→ **SUPPLIED MATERIAL**:
>>>

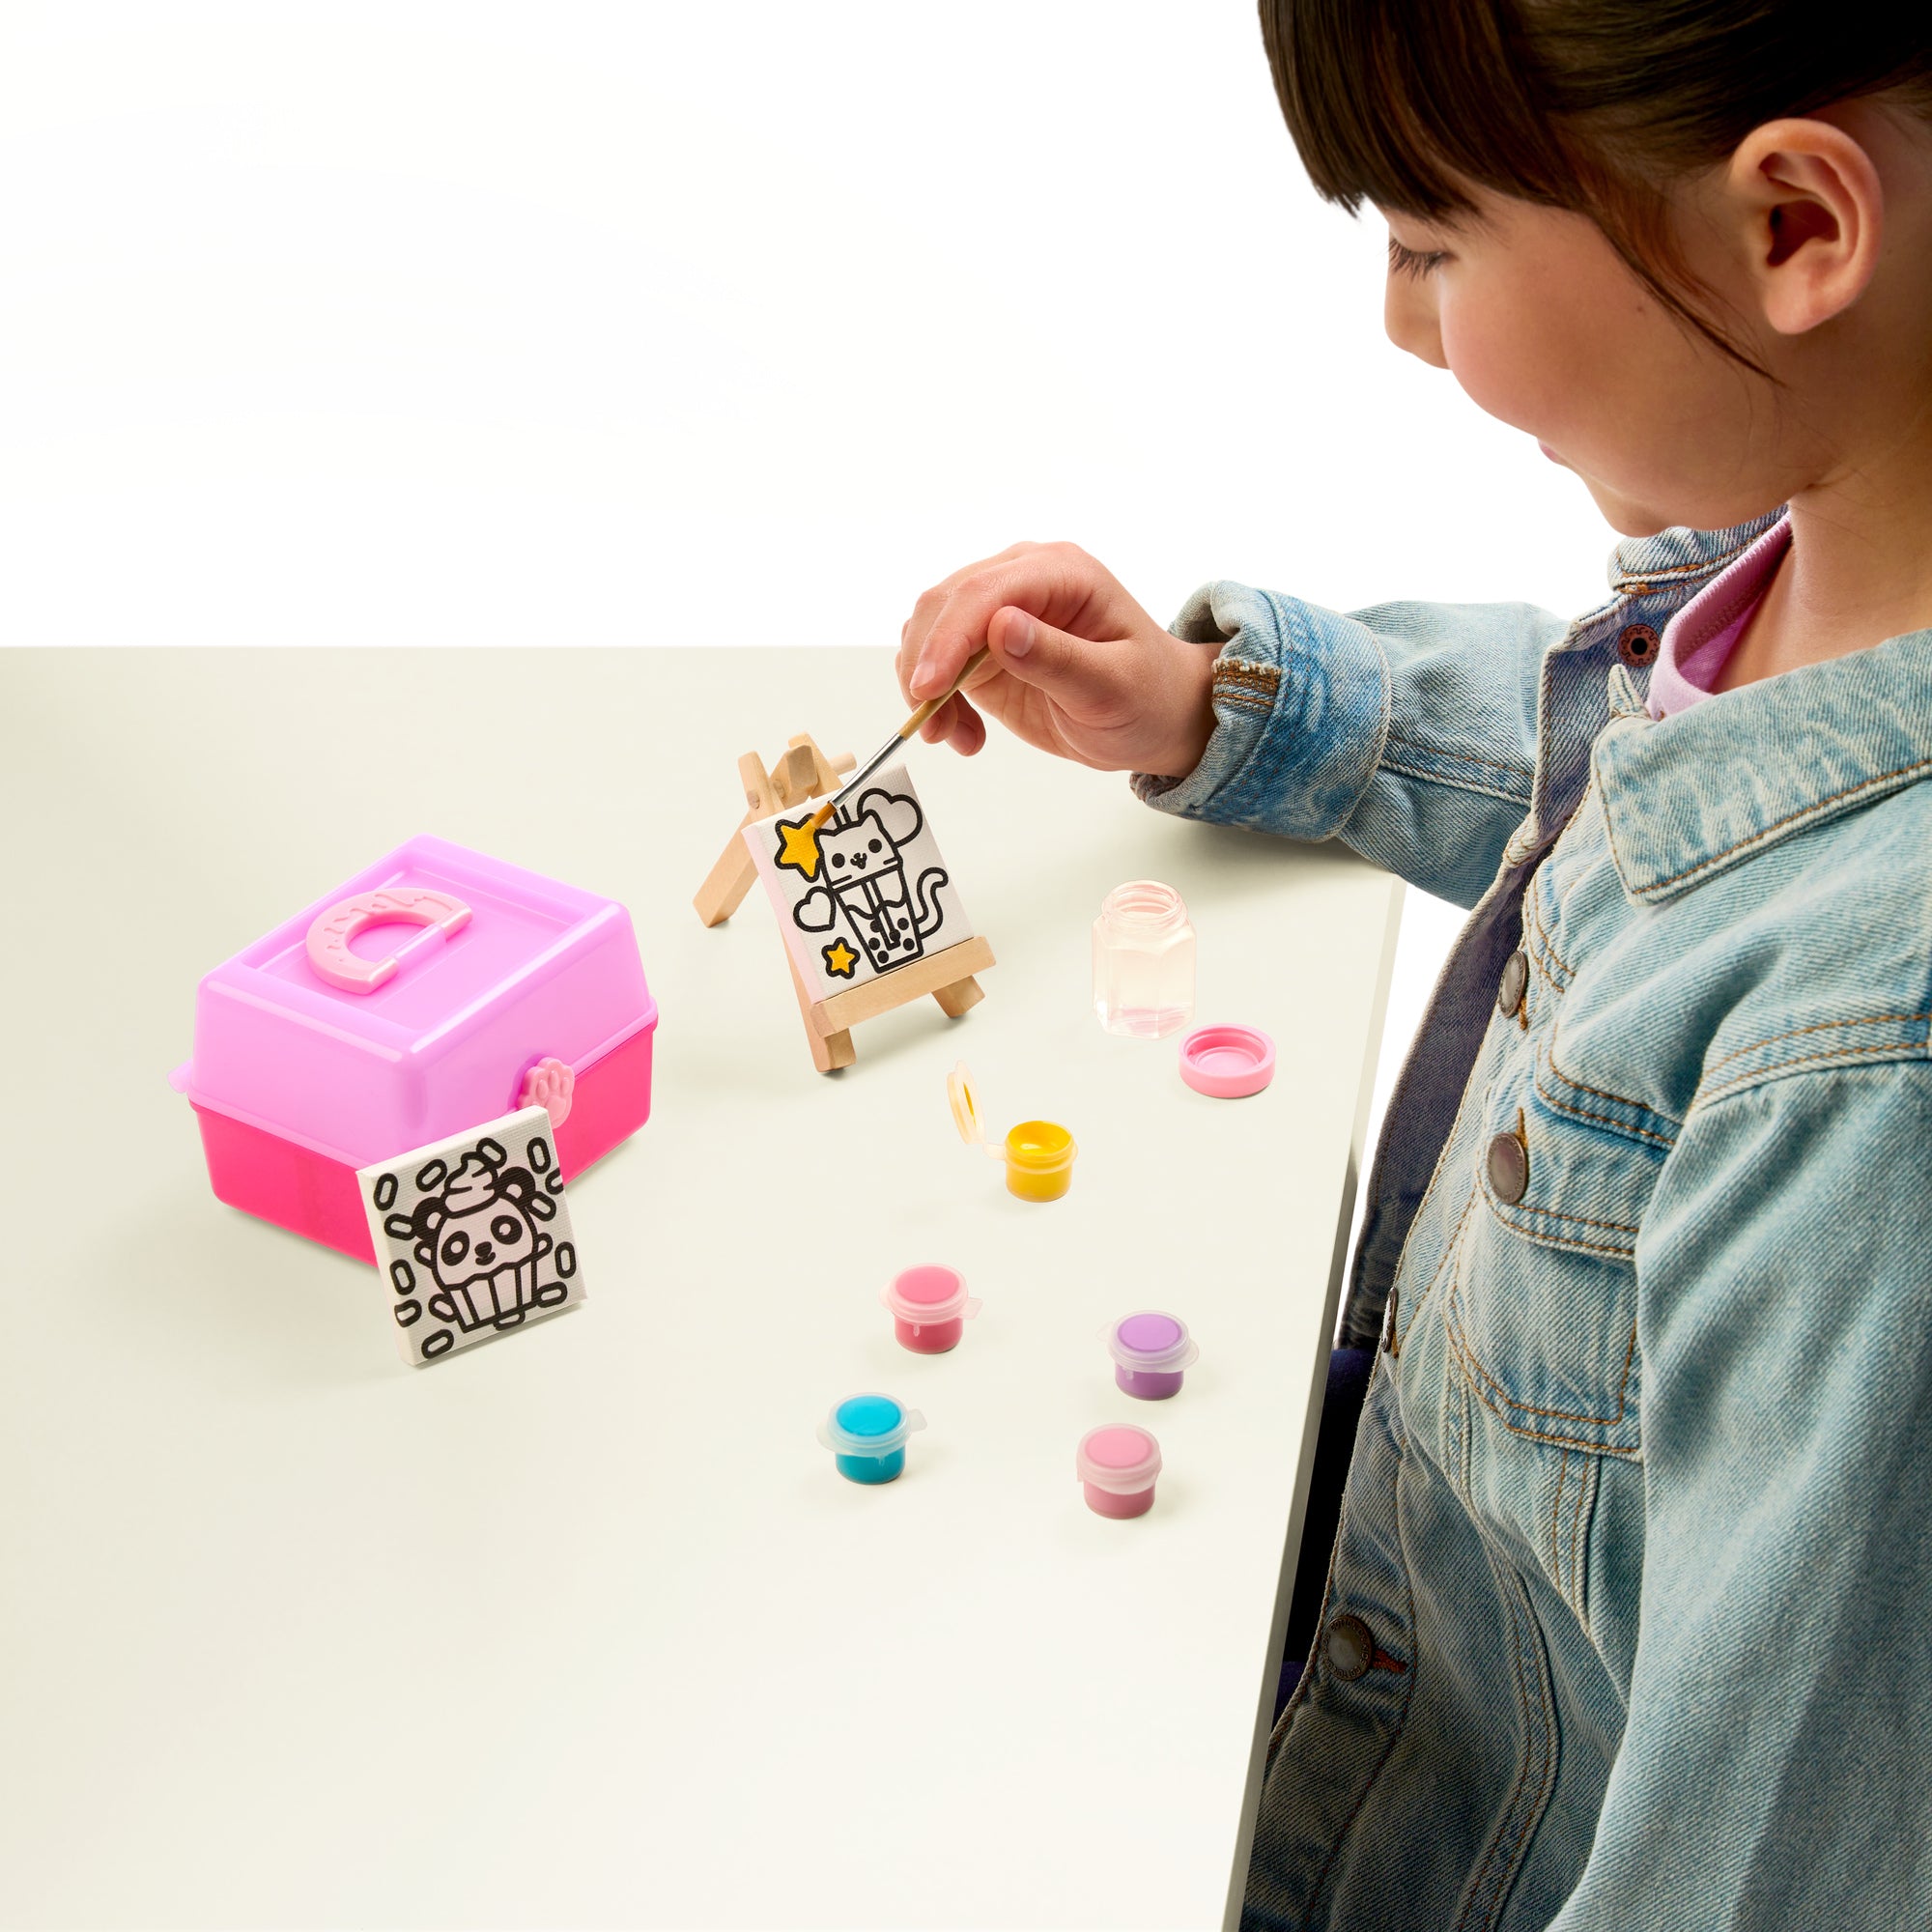 Real Littles - Collectible Micro Craft, Mini Craft Box with 1 of 6 Different Micro Craft Projects to Make with Micro Working Accessories Inside!
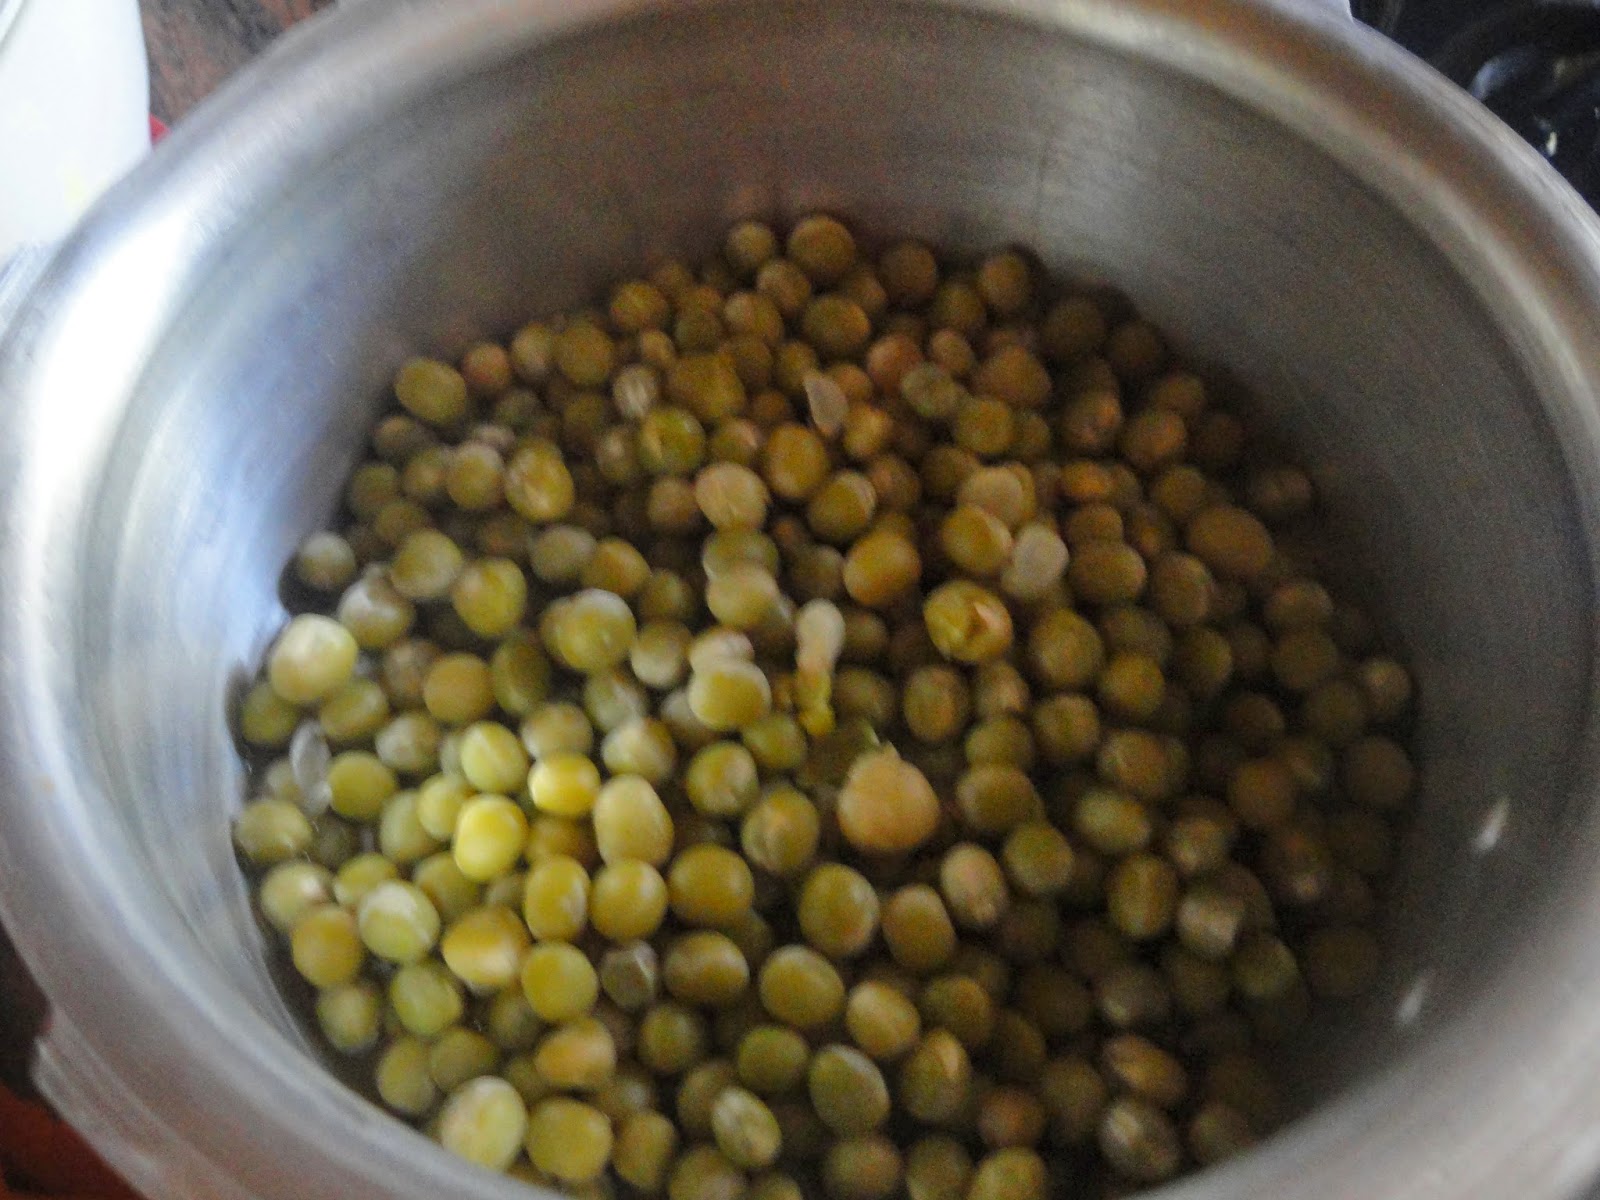 Pressure cooked dried peas
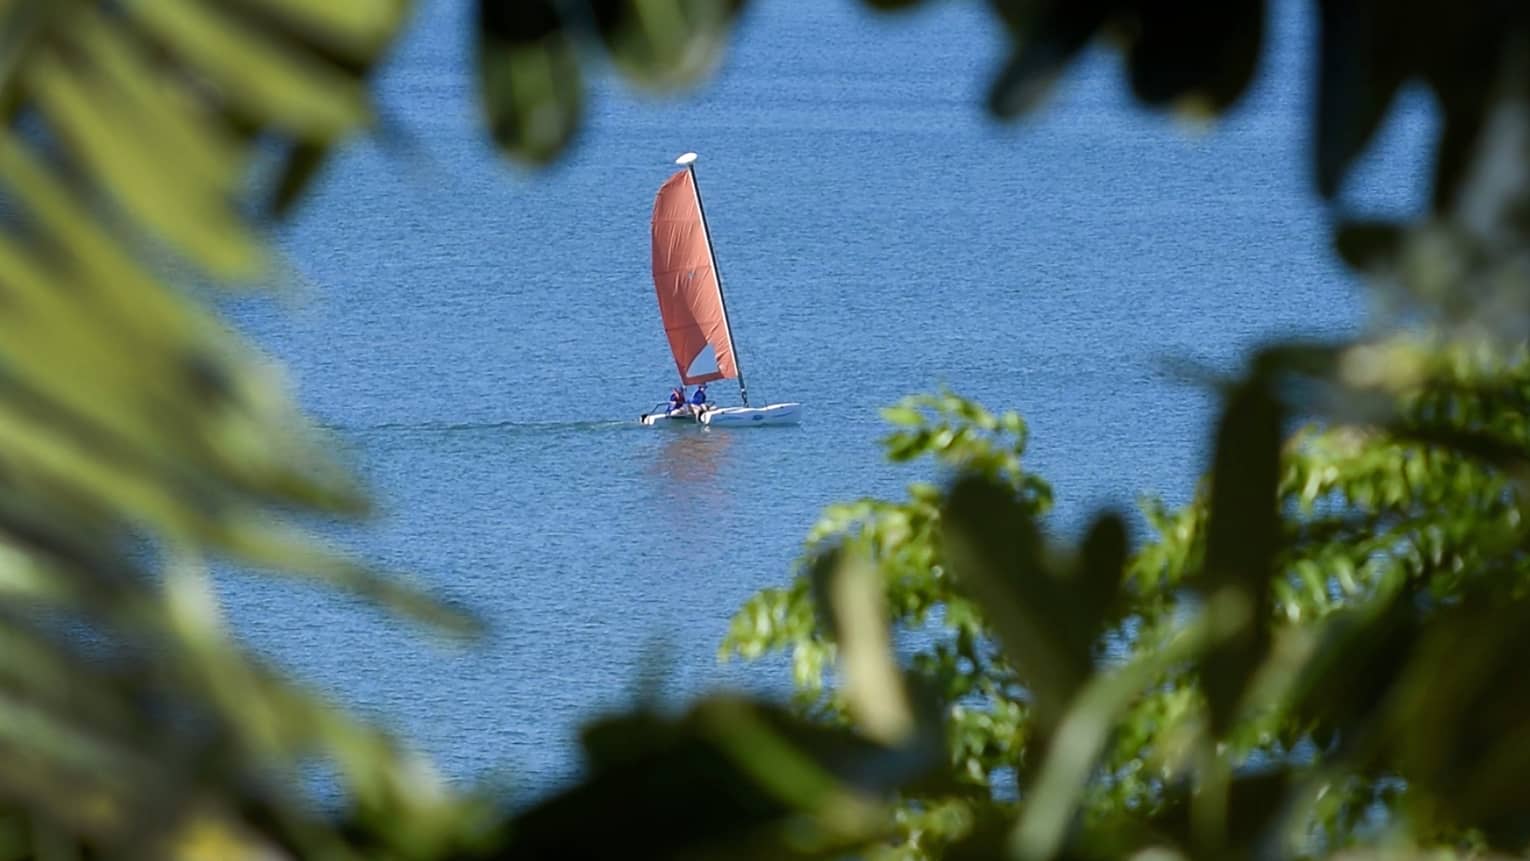 A sailboat on the ocean spotted through a tree

<<<

→ **WORK REQUIRED**: Without the pictures, return the whole of the data exactly as given.

→ **ANSWER BOX**:
 Real Littles - Collectible Micro Craft, Mini Craft Box with 1 of 6 Different Micro Craft Projects to Make with Micro Working Accessories Inside!
 Pressure cooked dried peas
 A sailboat on the ocean spotted through a tree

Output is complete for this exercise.